Uncomplicated cases of ALA usually present with a short history of fever and abdominal pain in the right upper quadrant. Most patients experience symptoms two to four weeks after the exposure; however, in travellers, lag times have been recorded to range from 23 to 563 d[31,32]. At the time of diagnosis, less than one-third of the patients have diarrhea, only about 10% of patients have jaundice, and 5%-14% of cases have pulmonary symptoms like chest pain and shortness of breath. Recently, three distinct clinical presentations of ALA have been described according to the severity and duration of symptoms[22,32]. These include: (1) Acute aggressive ALA - characterized by acute onset of severe symptoms, systemic toxicity, markedly deranged laboratory parameters, and high risk of rupture requiring a drainage procedure; (2) subacute mild ALA - characterized by mild-to-moderate symptoms with onset within 2-4 wk, usually responding to the medical therapy; and (3) chronic indolent ALA - characterized by late presentation (＞ 4 wk) with mild persistent symptoms including pain in abdomen. Such patients have a well-formed wall with only a negligible risk of rupture; yet, drainage may be necessary to reduce pain.

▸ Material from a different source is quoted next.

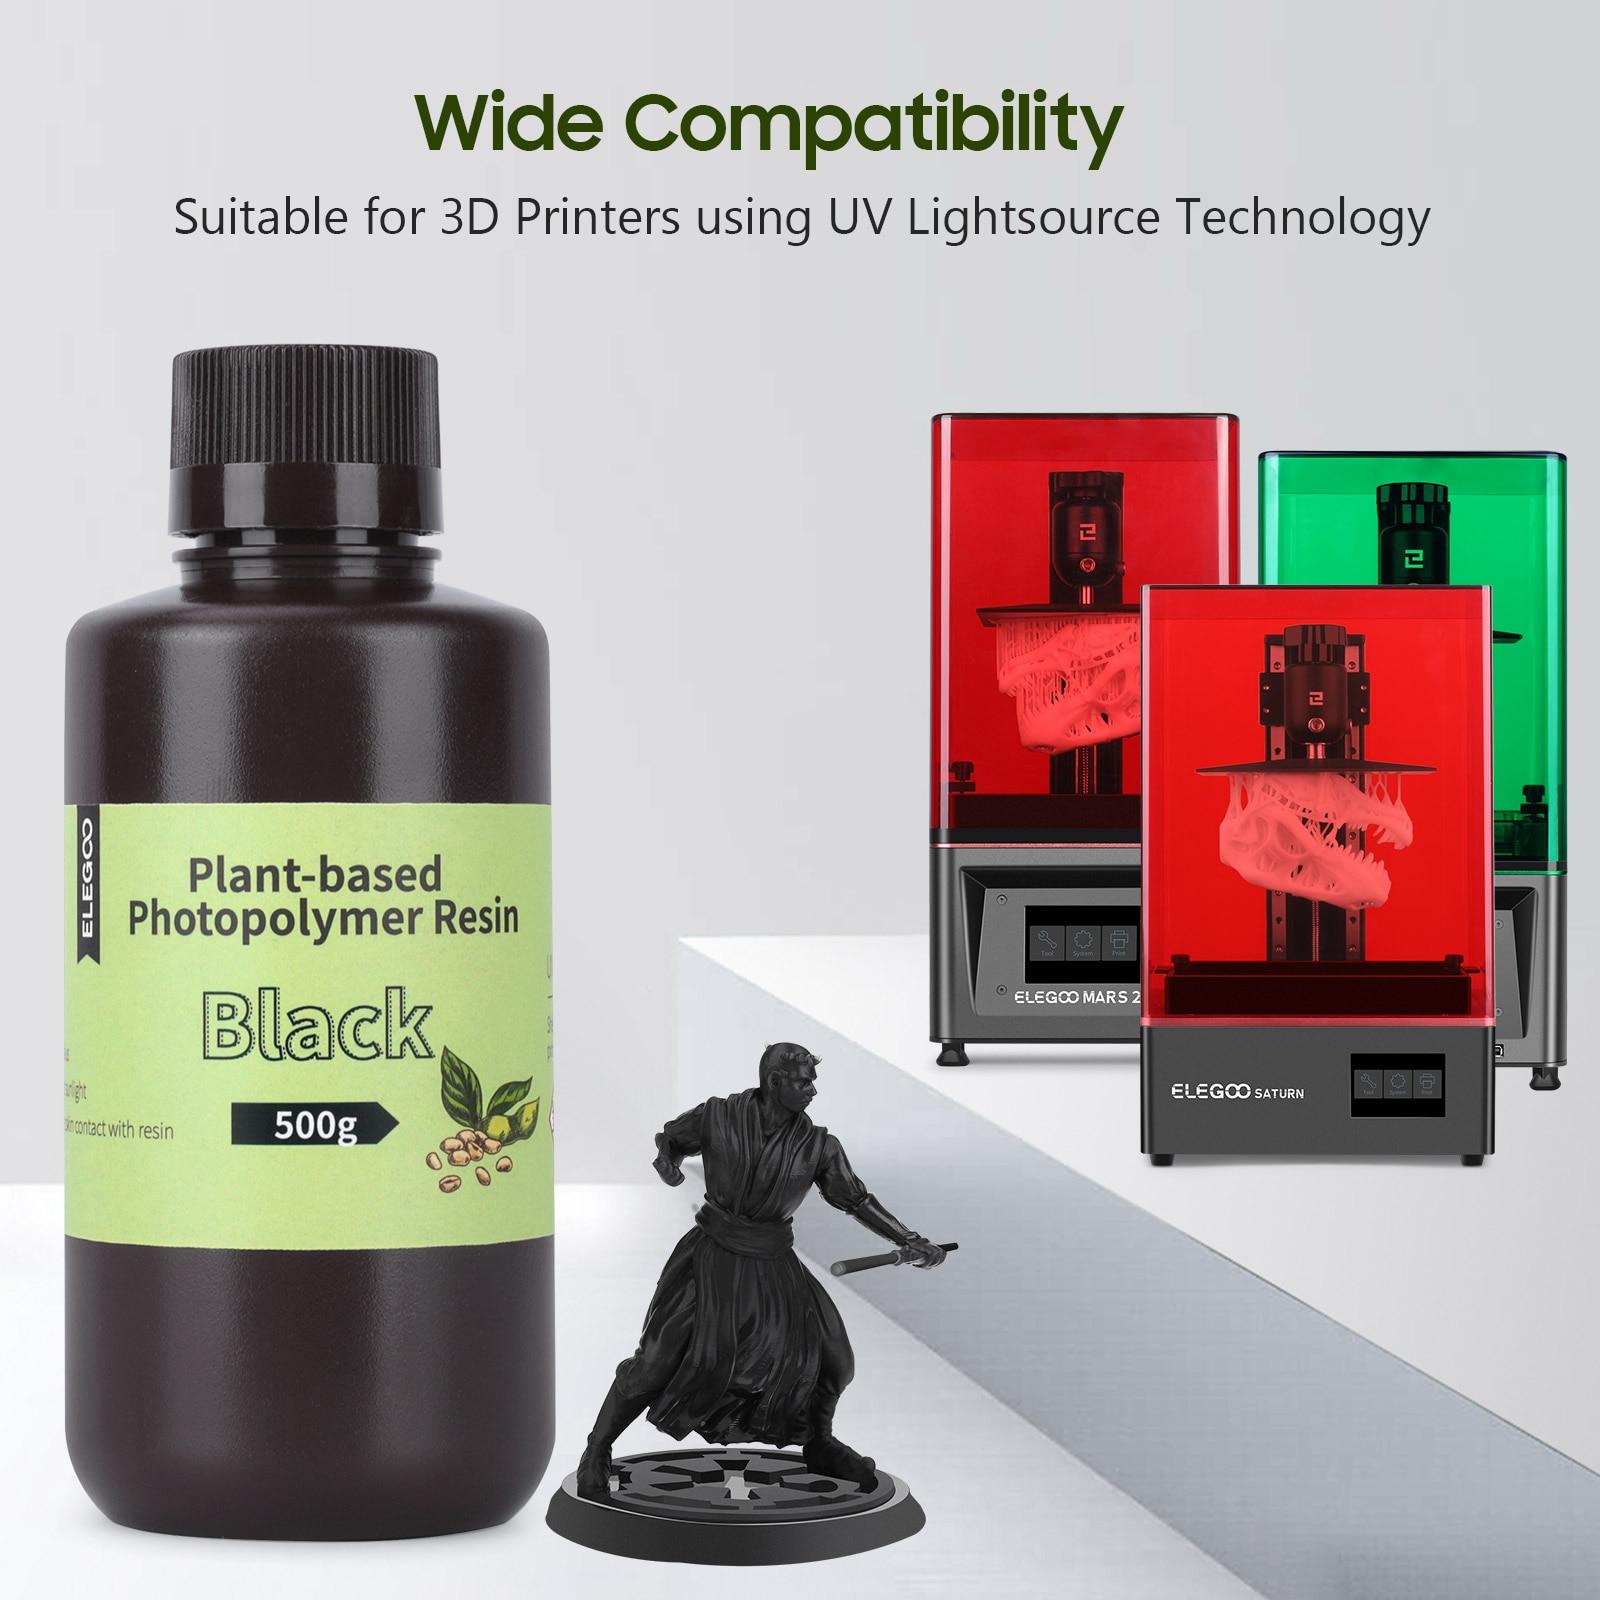 ELEGOO 500 мл с растительными экстрактами, 3D принтеры смолы 405nm УФ смола для ЖК дисплей 3D принтеры доски цвета слоновой кости, Материал светильник запаха черный|Материалы для 3D-печати|   | АлиЭкспресс

Patients with complicated ALA have variable presentations depending upon the nature and severity of complications. Most complications of ALA are related to its rupture into the adjacent structures, vascular thrombosis or compression, and secondary bacterial infection[22].

COMPLlCATlONS OF ALA

Various complications resulting from ALA has been described in the literature (Figure 1). These complications can be broadly divided into two groups: those associated with ALA rupture and those unrelated to it.

Figure 1 Complications of amebic liver abscess. The complications can be broadly divided into two groups: Those related to amebic liver abscess rupture and those that are not. The common complications included rupture into the adjacent structures, vascular thrombosis, and secondary bacterial infection. ALA: Amebic liver abscess; SIRS: Systemic inflammatory response syndrome.

Complications due to rupture of ALA

The incidence of ALA rupture varies from 6% to 40%[22]. In terms of the sites of rupture, the intraperitoneal site currently predominates over pleuropulmonary rupture (10%-24%vs4.2%-7%)[33,34]. In a study by Priyadarshiet al[19], intraperitoneal rupture accounted for 83% of all 117 patients with ruptured ALA. A larger proportion (80%) of thoracic complications of ALA include sterile reactive pleural effusion rather than amebic empyema secondary to rupture[22,34]. Cardiac tamponade resulting from the rupture of the left lobe of ALA into the pericardium is one of the most serious complications of ALA[35,36]. Rupture of biliary ducts into the abscess cavity can result in biliary fistula, which is more common in large and centrally located ALA[22]. Although rupture of ALA into the hollow viscus leading to result in hepatic fistulas (hepatobronchial, hepatogastric, hepatoenteric and hepatocolonic fistula) is rare, such complications are often innocuous because of the spontaneous drainage of the abscess through the fistula[37-39].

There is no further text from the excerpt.